(Stored records)
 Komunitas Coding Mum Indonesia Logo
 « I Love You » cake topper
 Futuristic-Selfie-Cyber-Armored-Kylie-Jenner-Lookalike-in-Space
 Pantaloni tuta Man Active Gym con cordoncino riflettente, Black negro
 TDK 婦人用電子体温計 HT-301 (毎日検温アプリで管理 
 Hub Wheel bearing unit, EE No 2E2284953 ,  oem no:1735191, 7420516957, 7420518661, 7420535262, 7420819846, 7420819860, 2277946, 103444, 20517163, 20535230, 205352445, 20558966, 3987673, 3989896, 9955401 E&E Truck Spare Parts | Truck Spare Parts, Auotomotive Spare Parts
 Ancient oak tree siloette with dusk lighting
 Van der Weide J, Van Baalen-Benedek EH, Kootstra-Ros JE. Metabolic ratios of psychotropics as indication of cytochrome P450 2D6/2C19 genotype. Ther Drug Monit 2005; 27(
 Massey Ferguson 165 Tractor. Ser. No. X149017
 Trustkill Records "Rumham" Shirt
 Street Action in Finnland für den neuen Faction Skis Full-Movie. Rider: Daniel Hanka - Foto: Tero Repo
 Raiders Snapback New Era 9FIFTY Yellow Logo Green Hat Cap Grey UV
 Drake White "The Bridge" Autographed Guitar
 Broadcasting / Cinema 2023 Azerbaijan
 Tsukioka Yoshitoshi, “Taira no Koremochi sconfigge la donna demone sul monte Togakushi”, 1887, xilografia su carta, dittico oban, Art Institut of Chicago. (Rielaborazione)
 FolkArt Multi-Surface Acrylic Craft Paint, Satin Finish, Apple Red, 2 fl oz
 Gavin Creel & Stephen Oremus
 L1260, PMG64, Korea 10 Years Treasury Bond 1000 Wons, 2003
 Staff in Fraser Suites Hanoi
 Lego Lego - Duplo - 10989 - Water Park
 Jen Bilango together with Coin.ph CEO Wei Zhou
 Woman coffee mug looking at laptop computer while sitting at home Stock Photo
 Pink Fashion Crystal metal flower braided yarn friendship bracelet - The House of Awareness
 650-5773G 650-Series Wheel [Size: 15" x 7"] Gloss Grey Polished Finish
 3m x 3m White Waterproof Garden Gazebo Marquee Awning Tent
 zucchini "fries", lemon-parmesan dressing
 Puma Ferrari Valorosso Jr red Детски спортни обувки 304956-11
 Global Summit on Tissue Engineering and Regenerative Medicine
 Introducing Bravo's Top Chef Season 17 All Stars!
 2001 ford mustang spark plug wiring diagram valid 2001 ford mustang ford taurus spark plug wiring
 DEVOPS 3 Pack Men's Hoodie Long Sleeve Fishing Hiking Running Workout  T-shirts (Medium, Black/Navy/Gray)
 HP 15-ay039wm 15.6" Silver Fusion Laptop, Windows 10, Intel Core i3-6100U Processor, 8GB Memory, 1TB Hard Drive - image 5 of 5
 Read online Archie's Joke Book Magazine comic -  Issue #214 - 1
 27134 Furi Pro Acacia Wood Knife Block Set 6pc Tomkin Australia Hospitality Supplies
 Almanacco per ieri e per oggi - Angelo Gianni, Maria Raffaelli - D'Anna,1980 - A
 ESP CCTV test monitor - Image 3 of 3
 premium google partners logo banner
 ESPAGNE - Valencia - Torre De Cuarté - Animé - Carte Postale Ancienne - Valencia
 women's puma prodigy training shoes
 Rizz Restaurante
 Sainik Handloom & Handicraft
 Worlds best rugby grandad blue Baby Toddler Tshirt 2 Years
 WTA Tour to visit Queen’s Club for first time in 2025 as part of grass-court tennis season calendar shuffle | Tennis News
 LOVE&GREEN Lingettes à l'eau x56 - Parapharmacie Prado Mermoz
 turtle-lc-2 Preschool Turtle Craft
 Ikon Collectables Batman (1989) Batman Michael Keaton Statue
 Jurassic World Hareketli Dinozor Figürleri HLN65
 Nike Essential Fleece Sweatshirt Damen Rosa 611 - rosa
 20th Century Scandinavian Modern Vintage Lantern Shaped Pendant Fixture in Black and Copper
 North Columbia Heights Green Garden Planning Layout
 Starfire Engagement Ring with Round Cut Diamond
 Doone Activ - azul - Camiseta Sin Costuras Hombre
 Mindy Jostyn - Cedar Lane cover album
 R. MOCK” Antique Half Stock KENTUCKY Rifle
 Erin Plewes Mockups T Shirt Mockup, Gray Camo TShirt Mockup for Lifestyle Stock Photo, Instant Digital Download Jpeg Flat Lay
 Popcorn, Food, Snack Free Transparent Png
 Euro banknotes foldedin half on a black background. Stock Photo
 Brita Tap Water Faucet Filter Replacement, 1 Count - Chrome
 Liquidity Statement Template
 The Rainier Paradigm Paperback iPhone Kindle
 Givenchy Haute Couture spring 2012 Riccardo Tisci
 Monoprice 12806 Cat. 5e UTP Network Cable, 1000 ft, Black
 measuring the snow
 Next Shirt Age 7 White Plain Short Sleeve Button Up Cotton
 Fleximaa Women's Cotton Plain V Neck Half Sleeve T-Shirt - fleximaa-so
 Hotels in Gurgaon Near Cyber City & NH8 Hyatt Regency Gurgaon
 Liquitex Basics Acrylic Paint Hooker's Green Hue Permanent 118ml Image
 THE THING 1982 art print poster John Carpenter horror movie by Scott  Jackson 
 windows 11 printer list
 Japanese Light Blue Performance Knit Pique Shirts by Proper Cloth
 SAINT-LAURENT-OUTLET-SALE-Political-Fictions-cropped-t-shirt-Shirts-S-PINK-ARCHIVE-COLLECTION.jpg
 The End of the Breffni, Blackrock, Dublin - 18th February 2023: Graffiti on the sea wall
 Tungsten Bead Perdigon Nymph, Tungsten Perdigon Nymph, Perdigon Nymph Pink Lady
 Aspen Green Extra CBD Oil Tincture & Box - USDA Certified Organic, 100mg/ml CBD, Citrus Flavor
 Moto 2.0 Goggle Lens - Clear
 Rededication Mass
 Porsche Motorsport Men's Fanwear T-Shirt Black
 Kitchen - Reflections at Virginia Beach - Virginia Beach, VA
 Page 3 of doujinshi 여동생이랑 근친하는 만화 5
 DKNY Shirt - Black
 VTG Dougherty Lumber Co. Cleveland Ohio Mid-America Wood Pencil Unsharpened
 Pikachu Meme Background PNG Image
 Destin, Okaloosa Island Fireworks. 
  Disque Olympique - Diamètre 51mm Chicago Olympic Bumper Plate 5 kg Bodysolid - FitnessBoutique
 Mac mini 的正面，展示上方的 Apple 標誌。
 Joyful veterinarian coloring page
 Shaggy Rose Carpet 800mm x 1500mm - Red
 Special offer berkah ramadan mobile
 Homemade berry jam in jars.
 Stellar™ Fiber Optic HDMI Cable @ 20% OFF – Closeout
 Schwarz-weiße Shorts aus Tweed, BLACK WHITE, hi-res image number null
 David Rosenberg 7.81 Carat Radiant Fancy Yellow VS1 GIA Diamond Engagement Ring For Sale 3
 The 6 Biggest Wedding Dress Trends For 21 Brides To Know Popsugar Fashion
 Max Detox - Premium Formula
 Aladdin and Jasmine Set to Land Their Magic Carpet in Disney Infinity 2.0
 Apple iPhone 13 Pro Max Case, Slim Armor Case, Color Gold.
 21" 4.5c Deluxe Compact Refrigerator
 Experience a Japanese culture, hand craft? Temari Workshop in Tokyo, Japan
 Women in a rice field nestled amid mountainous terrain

■ What you have to do:
Show all lines above that contain "Grey".

■ Exercise result:
 Raiders Snapback New Era 9FIFTY Yellow Logo Green Hat Cap Grey UV
 650-5773G 650-Series Wheel [Size: 15" x 7"] Gloss Grey Polished Finish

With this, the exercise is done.